Zimbabwe’s most enduring arts center is holding a party and cultural festival as it closes its doors in Harare for the last time in the early hours of January 1. Twin venues, The Book Café and Mannenberg Performing Arts Center have hosted tens of thousands of people and shows with many local and international artists but the landlords gave notice that they want the building in central Harare back to expand retail trade.
Founder of the arts center Paul Brickhill said he was shocked when the landlord, Old Mutual Zimbabwe, told him that he could not renew the lease for The Book Café and Mannenberg Performing Arts Center. He and colleagues who fought to end white rule in Rhodesia began to promote free expression by opening a book shop shortly after 1980 independence.
“I and a number of other people had just come from the liberation struggle. Just before independence, discussions took place around how to address the problem of censorship and propaganda that the Rhodesians had implemented," said Brickhill. "And the answer was to open a progressive bookshop and I was deployed fairly early on, our principal from the very beginning to secure freedom of expression in the new Zimbabwe.”

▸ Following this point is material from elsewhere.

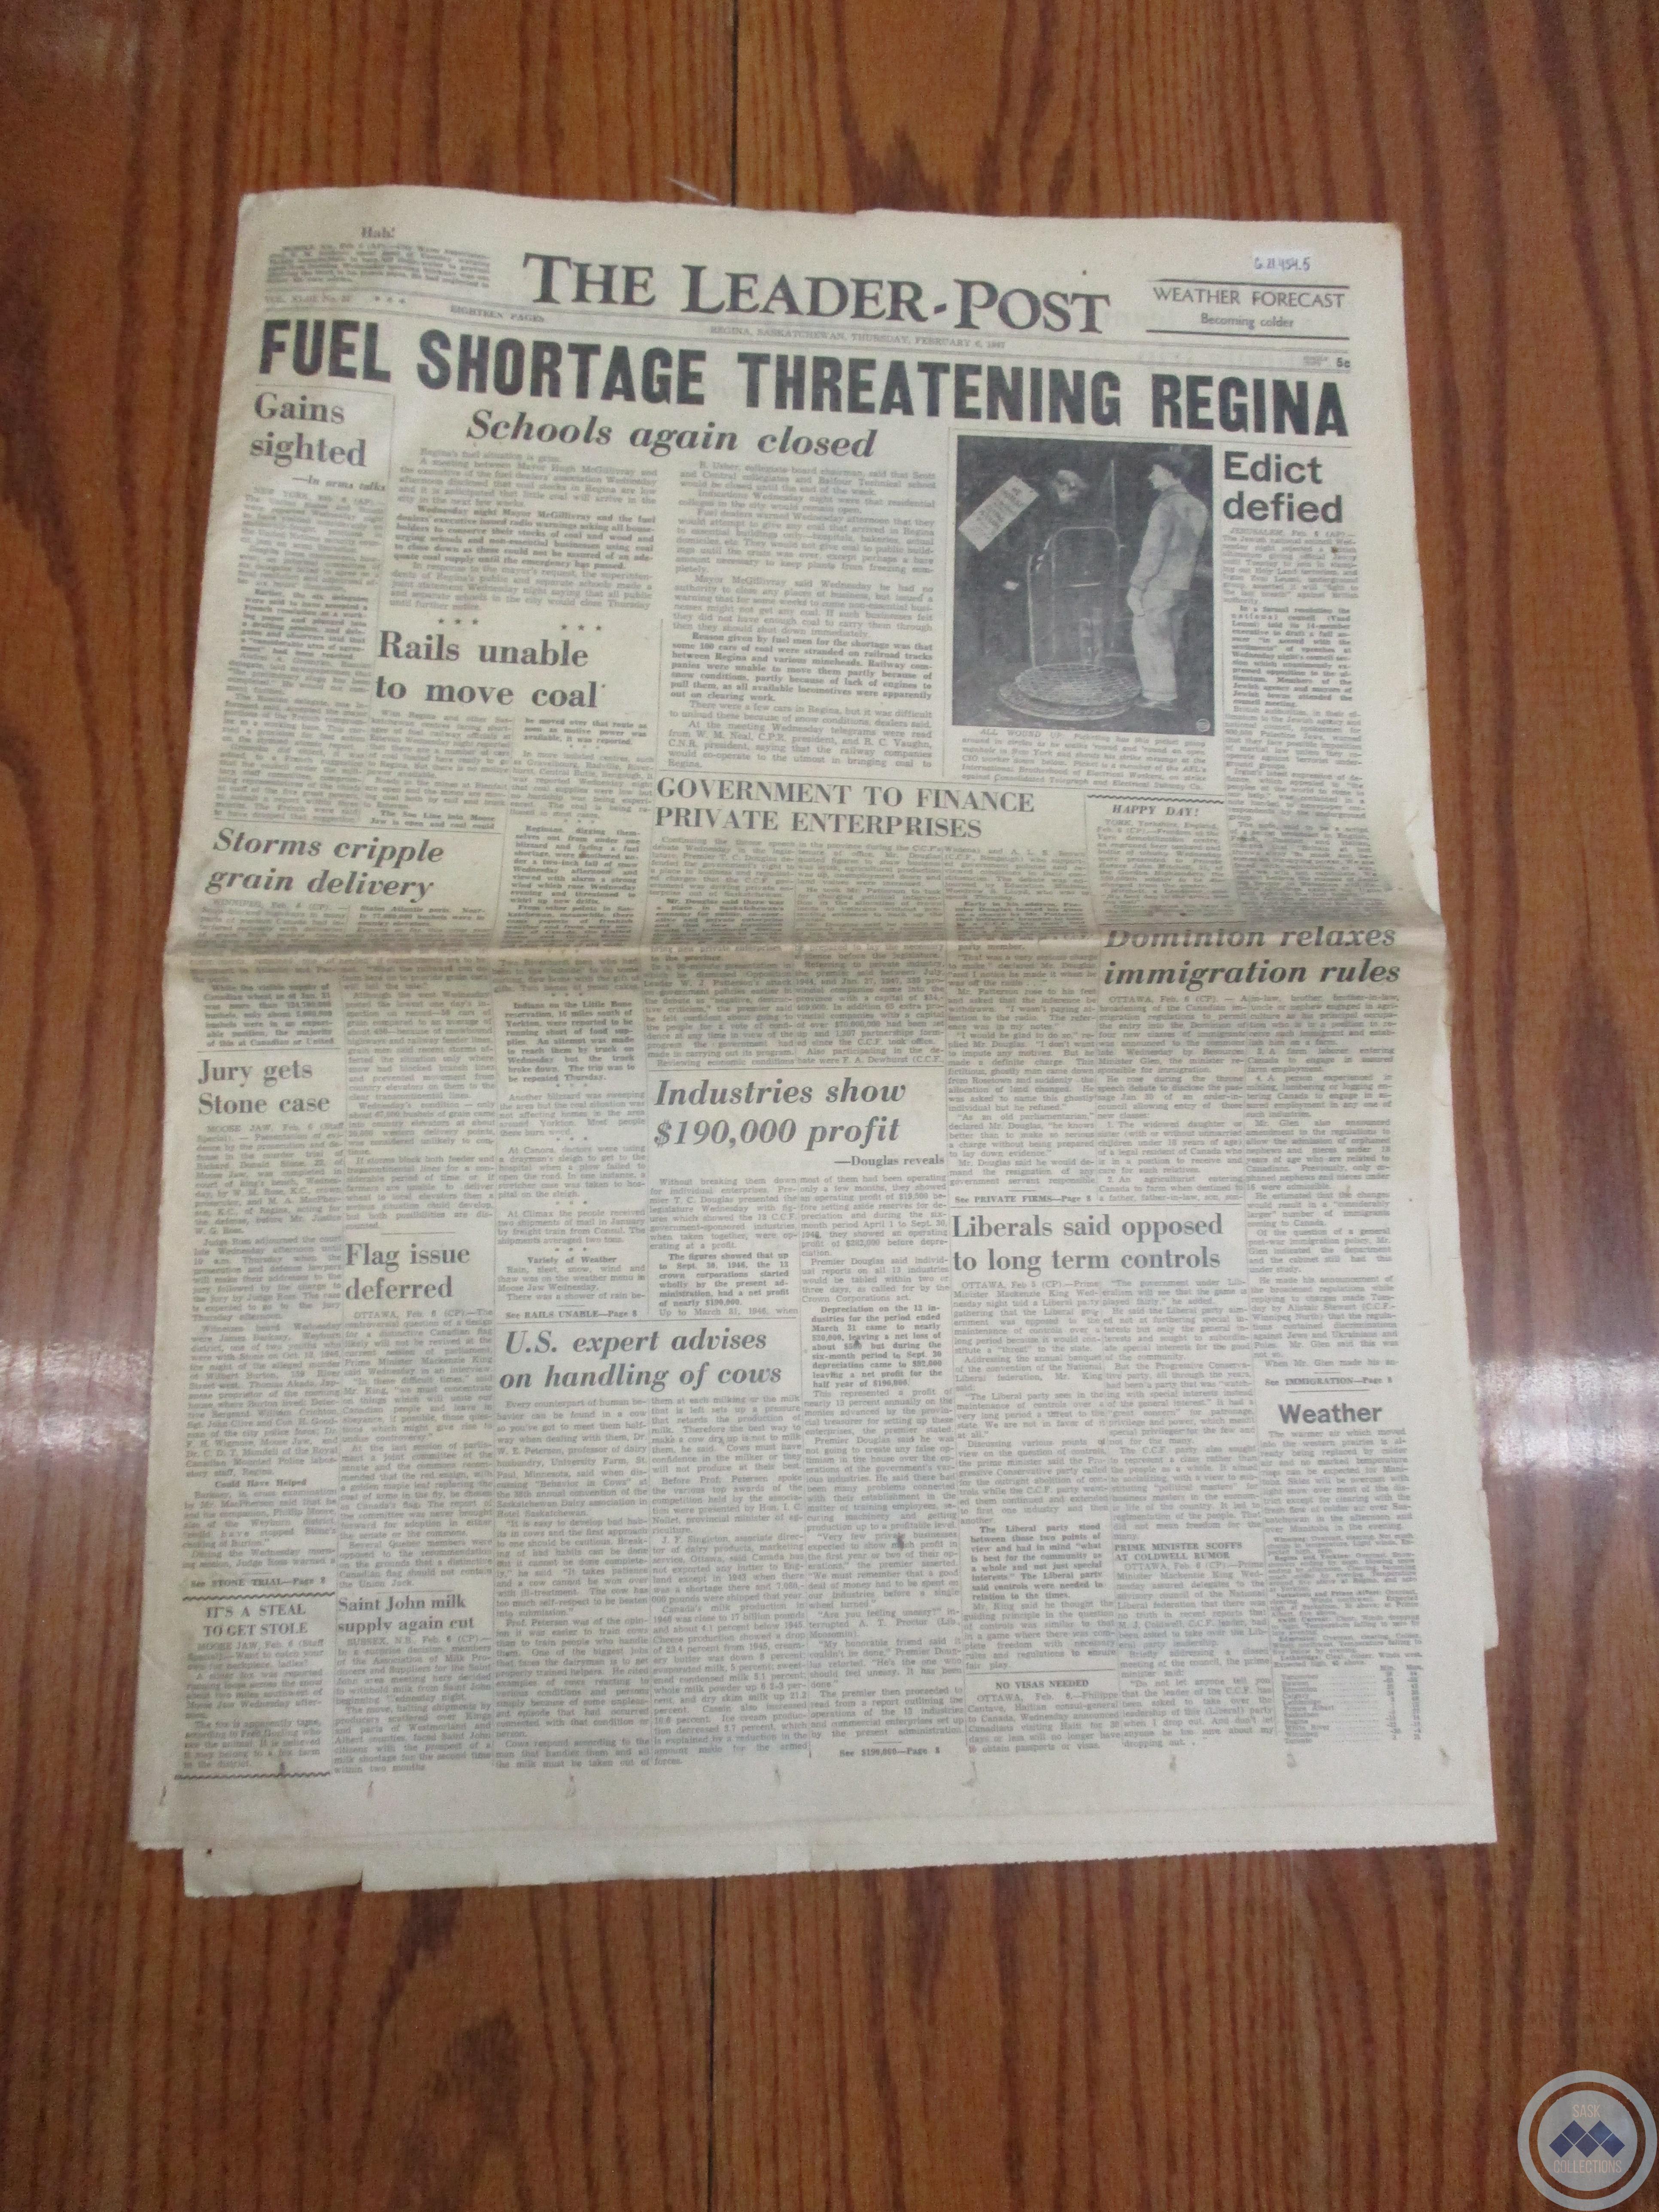 The Leader-Post: “Fuel Shortage Threatening Regina” (February 6, 1947)

He and the bookshop, funded by his comrades from the liberation war, were immediately in trouble when it launched a biography of the first post independence opposition leader Joshua Nkomo. Brickhill and his staff were arrested.

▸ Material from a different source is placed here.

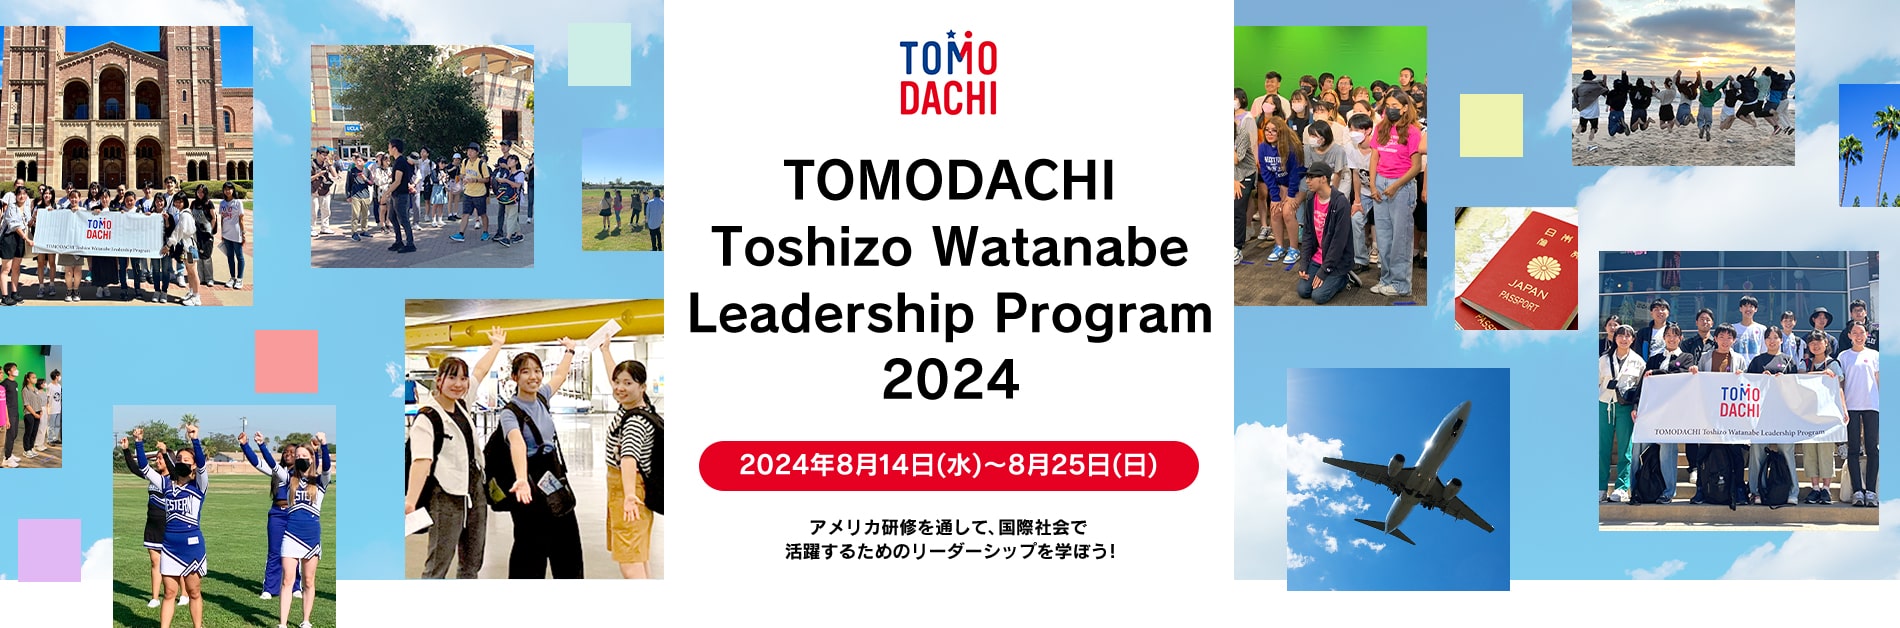 TOMODACHI Toshizo Watanabe Leadership Program 2022

Tensions escalated for Brickhill and the bookshop as then prime minister Robert Mugabe sent in North Korean-trained troops who killed thousands of Mr. Nkomo’s supporters in the Matabeleland provinces shortly after independence.
Brickhill said the bookshop had a huge collection of anti-apartheid books which were banned in neighboring South Africa and many made their way across the border.
In 1987 a South African hit squad bombed several targets in Harare. On their list, as court records revealed, was Brickhill’s bookshop. Several people were killed and Brickhill’s brother was seriously injured.
Three years before the present ongoing political crisis began in 2000, Brickhill and colleagues expanded the bookshop into a café and performing art center called Mannenberg, named after the composition by legendary South African jazz pianist, Dollar Brand, who is now known as Abdullah Ibrahim.
He played Mannenberg at its opening in Harare and said he had loaned the music to Zimbabweans.
Among the Zimbabwe artists who play at Mannenberg is Zimbabwe musician Chiwoniso Maraire, who sings and plays the traditional instrument the mbira. She says Zimbabwe’s artists have a responsibility to society, even when those artists are threatened and arrested.
“We have a responsibility, we are not bankers, we are not doctors, we have another part that we play in society," said Chiwoniso. "Regardless whether the system says we are going to arrest you, it doesn’t matter, we have a responsibility.”
Brickhill, who runs the twin venues with a staff of 45 says he had no idea at the time independence was gained that one of the goals of the liberation war - free expression - would be so difficult to achieve after the end of minority white rule.
“It has been an incredibly long journey and a tough one, and a long, long struggle," said Brickhill. "I must say never in my wildest dreams as a young romantic in newly independent Zimbabwe could I have imagined such a journey and such battles and struggles for such a simple goal of freedom of expression in our country.”
He said that most artists at the venues did not support particular political parties. Book Café’s last guest was Morgan Tsvangirai, Movement for Democratic Change leader and Zimbabwe’s prime minister in the current difficult, inclusive government with Mr. Mugabe’s ZANU-PF party and the smaller MDC.
Mr. Tsvangirai launched his controversial book "At the deep end" before Christmas.
“I am telling this story in my own eyes, and especially given the larger power struggles we took part in now and for more than a century - our desire simply to be human against all odds,” said Tsvangirai.
Brickhill says the end of the present crisis is drawing closer and the number of artists grew as it intensified. He says Zimbabwe’s artists find that, despite all the threats, they do have power.
“And yes I do think we are closer now," Brickhill said. "I never imagined the battle would be so hard. But yes we are close. We have power actually. We are not powerless.”
Many Zimbabweans and beyond have appealed to Zimbabwe traders OK Bazaars and landlord Old Mutual to extend the leases for Book Café and Manneberg.
Brickhill says he and colleagues will start the new year trying to find an alternative building.